Allergen specific T cell responses were measured using a polychromatic adaptation of published flow cytometry methods utilizing carboxyfluorescein succinimidyl ester (CFSE) dye dilution[12, 15].The lymphocyte fraction was obtained by leukaphereis (NIH Clinical Center Department of Transfusion Medicine) and mononuclear cells were isolated using 1.077 ficoll-diatrizoate density gradient separation (Lymphocyte Separation Media-1077 (MO Biomedicals, LLC, Aurora, Ohio), washed twice in HBSS (Invitrogen, Carlsbad, CA) and cryopreserved in liquid nitrogen. Aliquots were thawed, washed twice in RPMI, resuspended in RPMI and stained with 8 μM/L CFSE at 37°C for 10 minutes. CFSE labeling was stopped by adding 5 times the volume of ice cold PBS/1% bovine serum albumin, incubation on ice for 5 minutes, after which the cells were washed an additional 2 times in RPMI. Cells were then resuspended at 5 × 105 cells/ml in RPMI with 10% autologous serum and cultured at 2 ml per well in a 24 well plate with the indicated concentration of allergen. After 4-5 days, 1 ml of culture supernatant was replaced with fresh media. After 7 days, ionomycin (1 μM), phorbol myristate acetate (20 ng/mL) and brefeldin A (10 μg/mL) were added and the cells incubated an additional 6 hours, at which point DNAse (EMD Chemicals, Gibbstown, NJ) final concentration 3,500 Dornase U/ml was added for an additional 5 minutes. Cells were removed from each well, stained with LIVE/DEAD® Fixable Violet Dead Cell Stain Kit (Invitrogen) according to the manufacturers instructions, washed once in PBS and fixed with 4% paraformaldehyde[16].

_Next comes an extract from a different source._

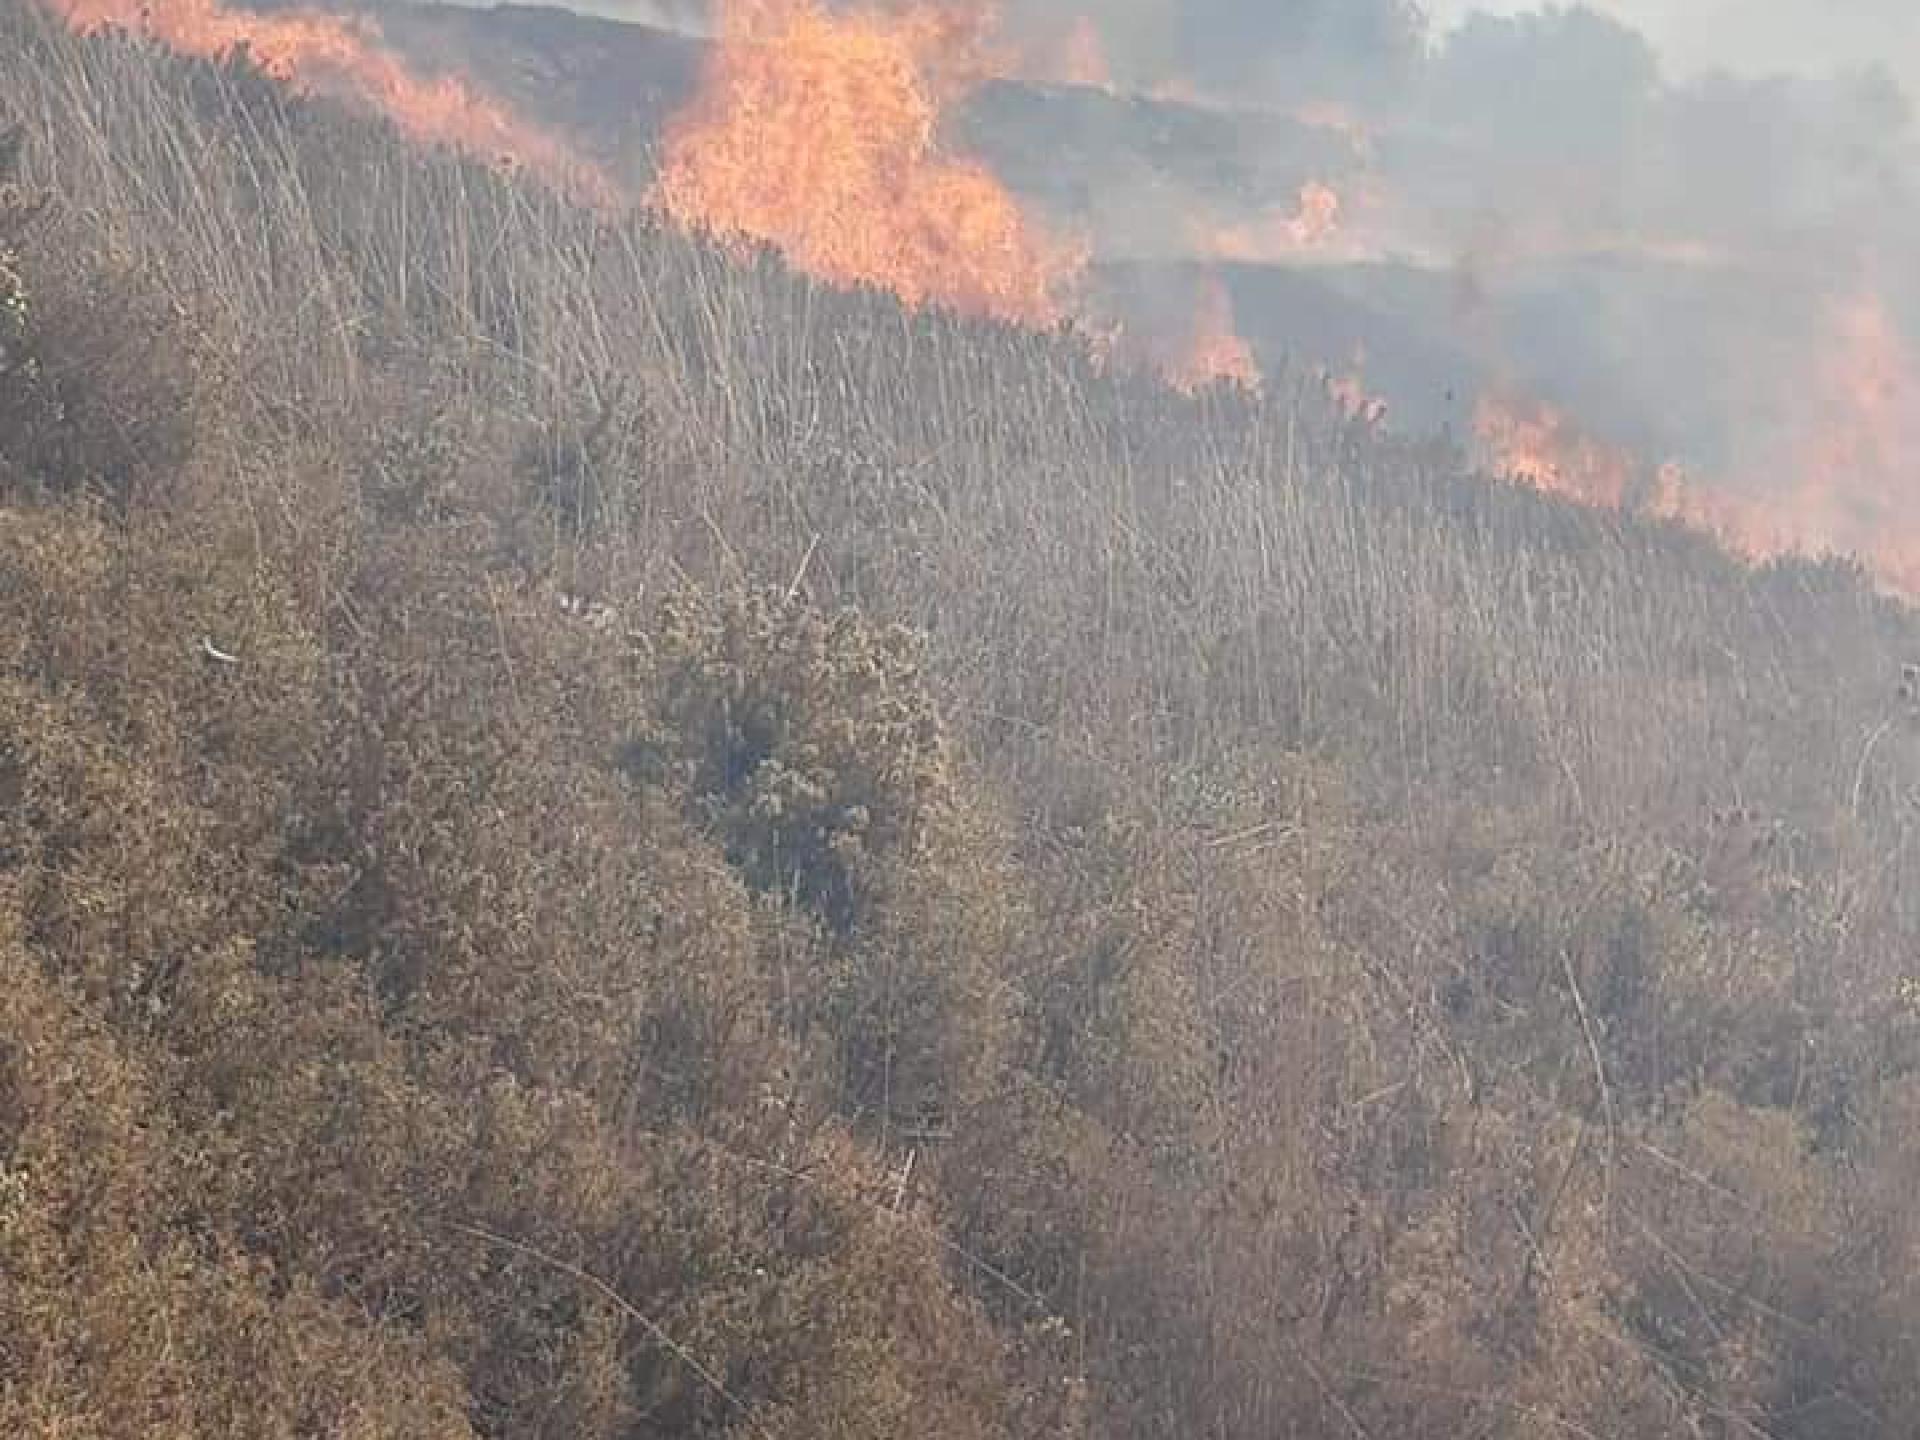 האש מתפשטת ומכלה את עצי הזית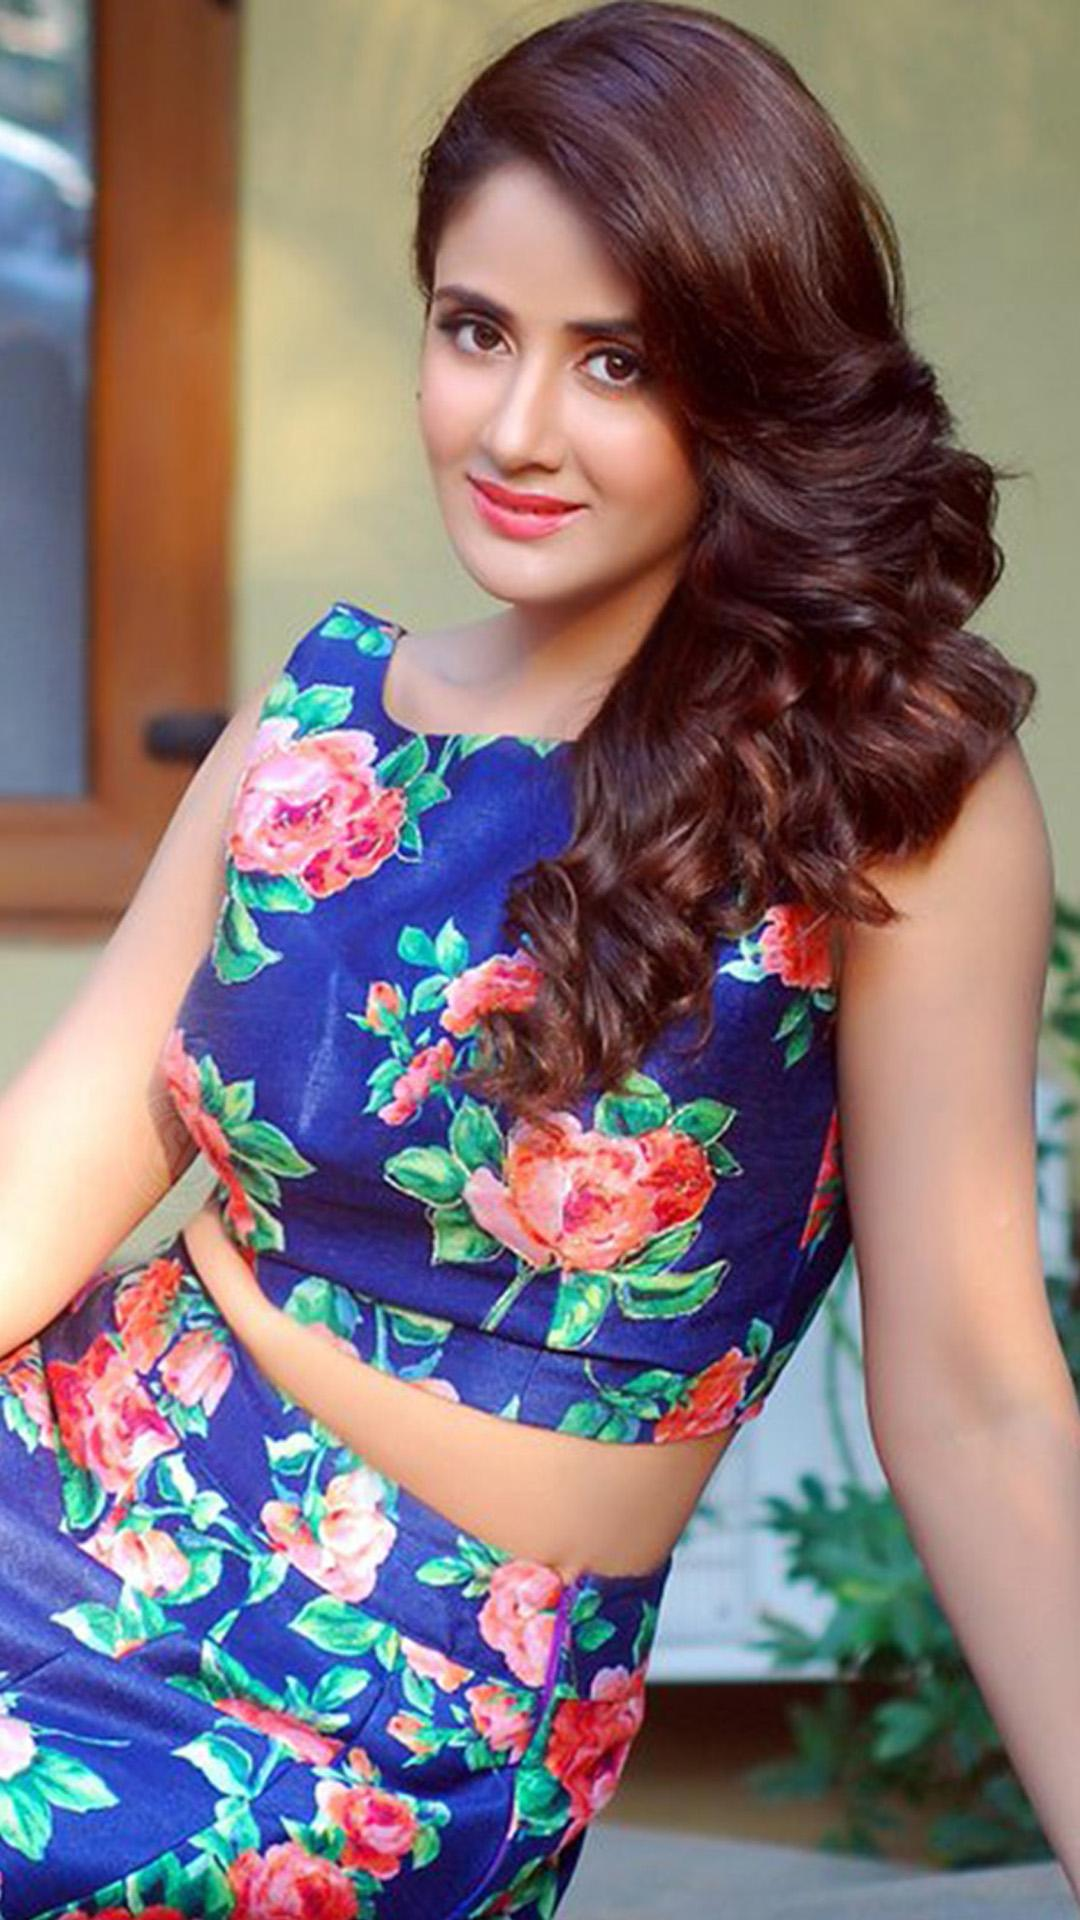 4k Ultra Hd Actress Images

Fixed cells were then stained for intracellular cytokines using published methods[16]. The following antibody conjugates were used: IL-4 phycoerythrin (PE) [clone 25D2], CD4 PE/Cyanine 5(Cy5) [clone SK3], interferon-γ PE/Cy7 [clone B27], IL-5 allophycocyanin [clone JES1-39D10], tumor necrosis factor (TNF) Alexa 700 [clone Mab 11] (all BD Biosciences); and CD3 allophycocyanin/Cy7 [clone UCHT1] and CD8 PE/Texas Red [clone 3B5](both Invitrogen). Cell doublets were excluded using forward scatter area versus height parameters. Viable CD4 T cells were identified by serial CD3+, violet LIVE/DEAD negative and CD4+, CD8- gates (Figure 1A, B). Flow cytometry analysis and precursor frequency calculations were performed using FlowJo software (Treestar, Ashland, OR).

Figure 1
figure 1

CFSE determination of allergen specific CD4 T cell responses. PBMC were activated and stained as per the Material and Methods and then gated on CD3+, violet LIVE/DEAD negative cells (A), and subsequently gated on CD4+, CD8- or CD4-, CD8+ cells (B). After culture with media (C), or peanut antigen extract (D, E), cells were gated on viable (C, D) CD4, or (E) CD8 T cells and CFSE vs. CD4 dotplots were generated.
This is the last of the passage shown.